Even difficult to measure skills, such as creative thinking, can be assessed with the help of technology. For example, PISA (Programme for International Student Assessment) 2021 will assess creative thinking using simulations that elicit the rich evidence that is needed to support the claims of whether students show creative thinking skills. Creative thinking is a necessary competence as society is increasingly dependent on innovation. The impact of assessing creative thinking may go beyond assigning a score—it may catalyze better instruction. As routine human tasks are automated by AI or robots, creativity becomes even more important. For educators, digital transformation should encourage us to focus on developing uniquely human skills.
We typically think of learning and testing taking place within the context of a course. However, the Internet has accelerated our ability to learn at any time and from multiple sources—what is called self-directed learning. A personalized learning pathway might guide learners independent of a course, school or curriculum. An example is ACTNext’s Educational Companion App. Users access the app on a phone. The structure is based on ACT’s Holistic Framework that includes core academic skills (e.g., mathematics), cross-cutting capabilities (e.g., problem solving), behavioral skills (e.g., open mindedness) as well as education and career navigation skills. The app is powered by a Recommender and Diagnostic (RAD) engine that is delivered via an API. It identifies the strengths and weaknesses of each student, provides feedback on current capabilities and guides the user to open educational resources that can augment their development. The application integrates a number of factors that determine success, both academic and social-emotional ones, enabling users to manage their development from school, to college, to career.
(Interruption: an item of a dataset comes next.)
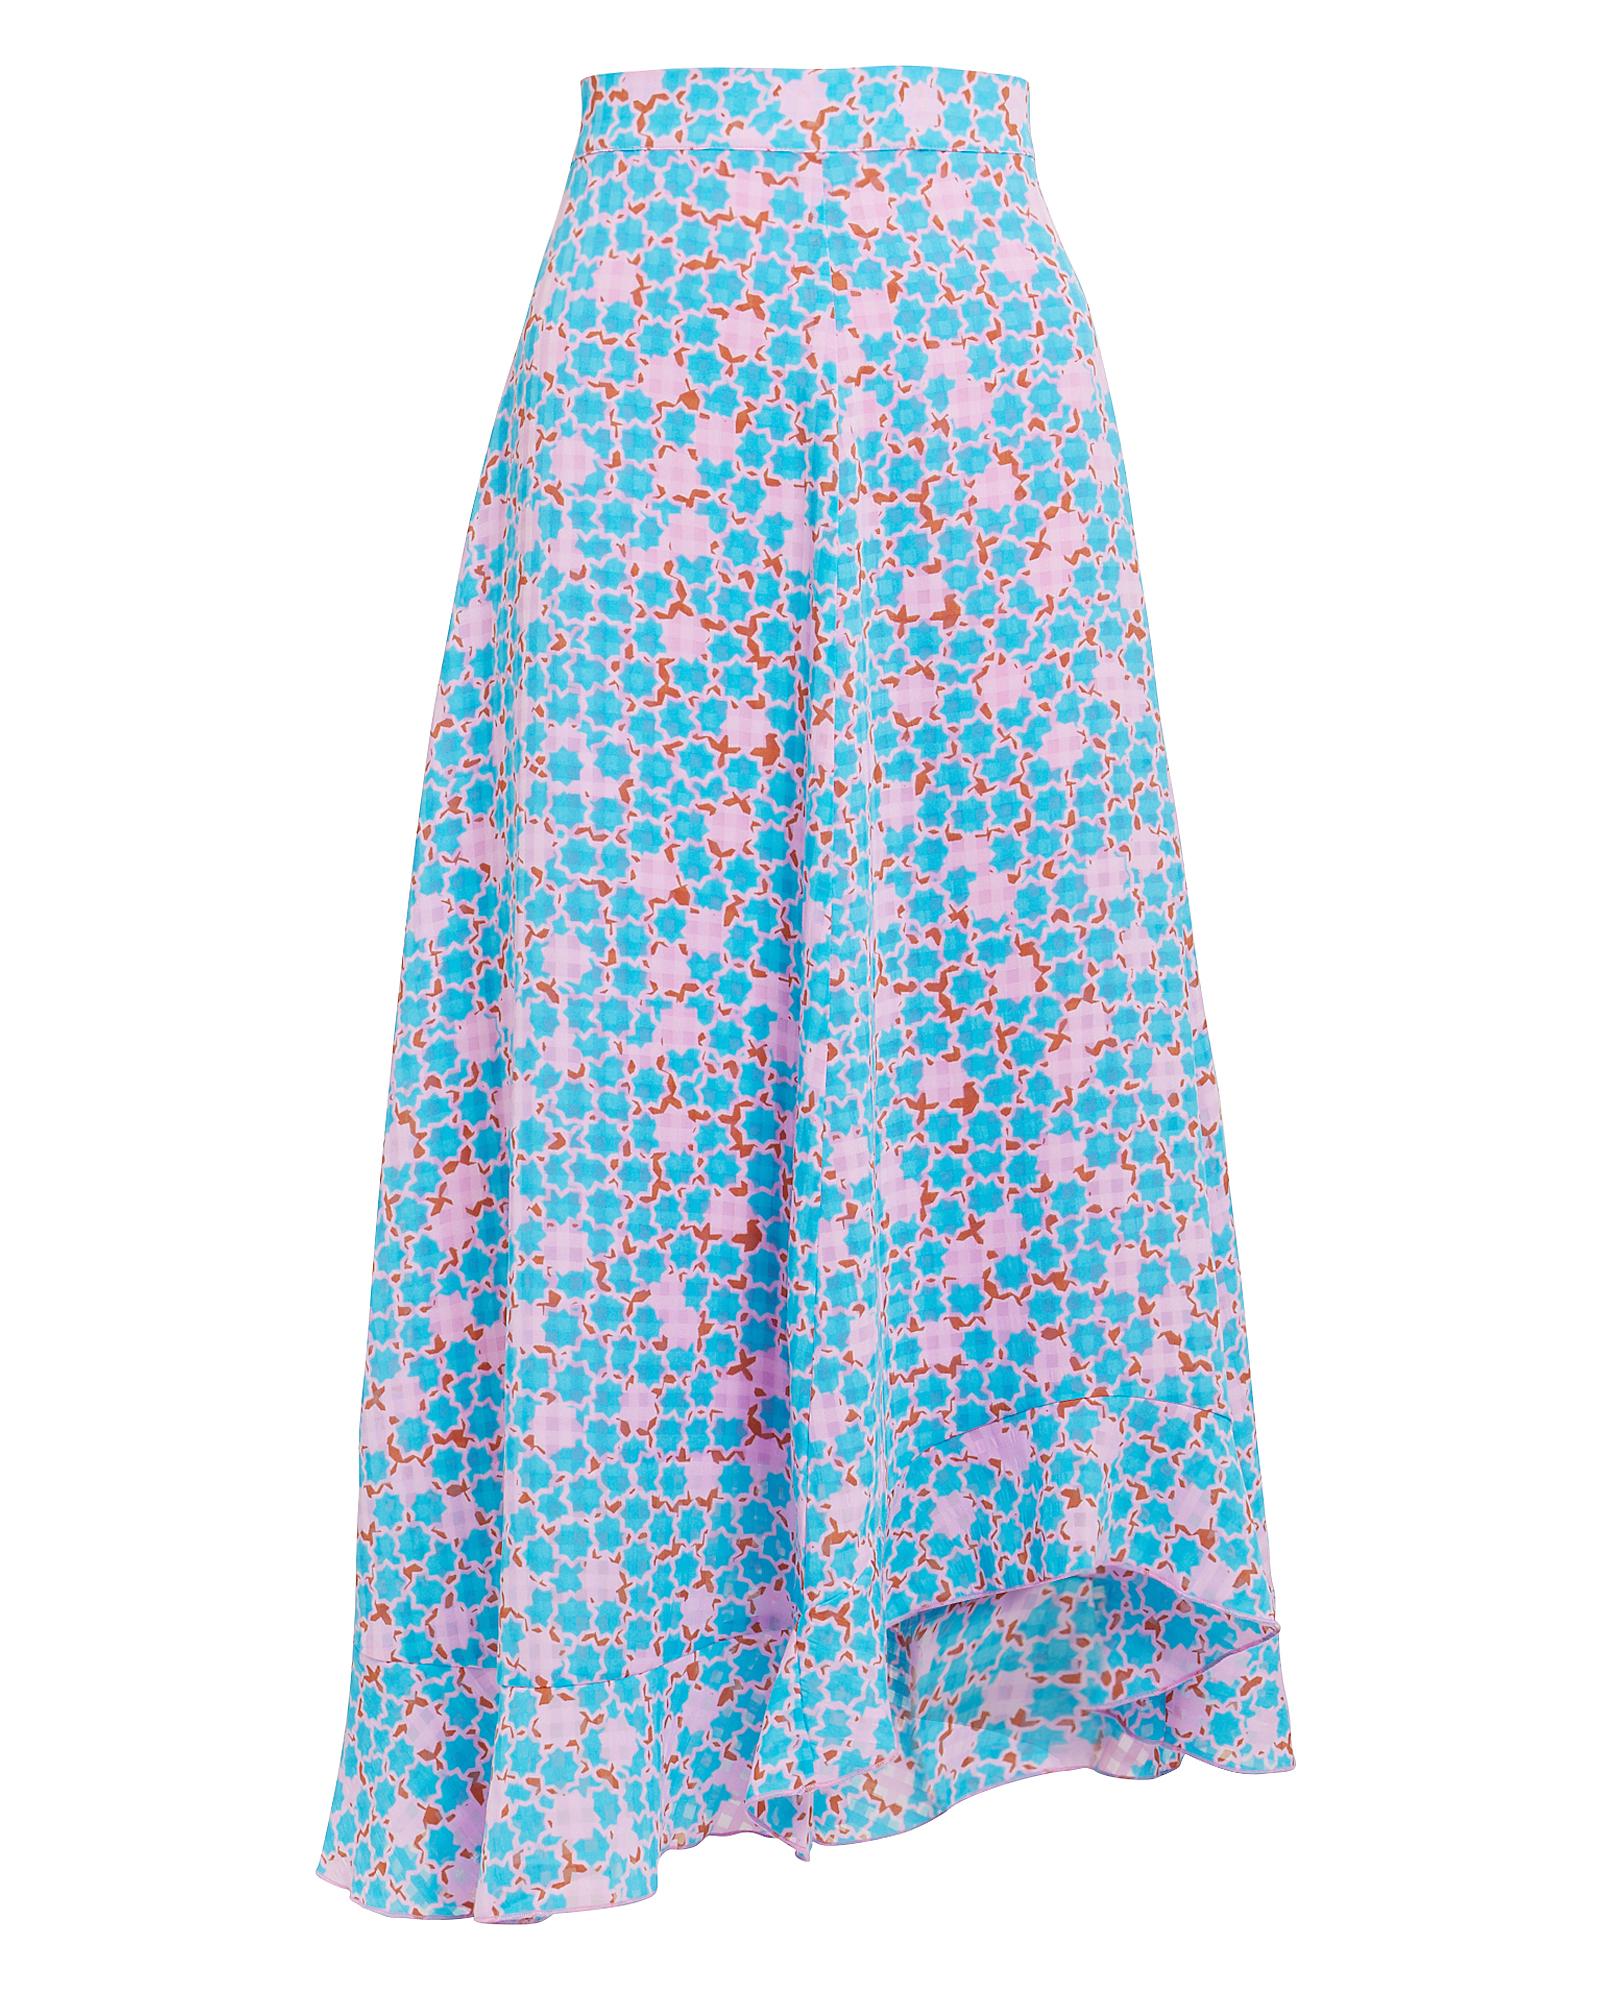 Stine Goya Skirts STINE GOYA MARIGOLD BLUE STARDOT SKIRT  BLUE-MED L

These unique pathways to success may become even more important as individuals progress through their careers. Our professions are constantly being reshaped by new technologies and emerging processes, so we must continually learn new skills or upgrade existing ones. The personalized feedback provided by the Educational Companion App is built on an analysis of an individual’s skills, behavior, and means of knowledge acquisition. It can provide a guide for the long-term, helping us adapt to new roles or transitioning from one career path to another.
As mentioned above, data plays a crucial role in any digital transformation, including that of assessment. In the era of big data, the expectation is not only that we have access to large volumes of data, but also that the data are matched and can be aligned and analyzed on different dimensions in real-time. Unfortunately, that expectation does not align with today’s reality. To realize the benefits of digital transformation, educators will need to agree on data standards and adapt today’s systems to data cubes and data lakes. The work will not fall to data scientists, alone. In a world of big-data and algorithms, educators too will need to become data-literate or data savvy, knowing how to effectively use and critically evaluate data and its sources.
Assessment can and should be part of every higher-education institution’s digital transformation.
New tools and techniques are being developed that can truly transform teaching and learning, thereby having a significant impact on individuals and society. Our belief is that the process of testing and assessment can be positive experiences that support and guide learners throughout life.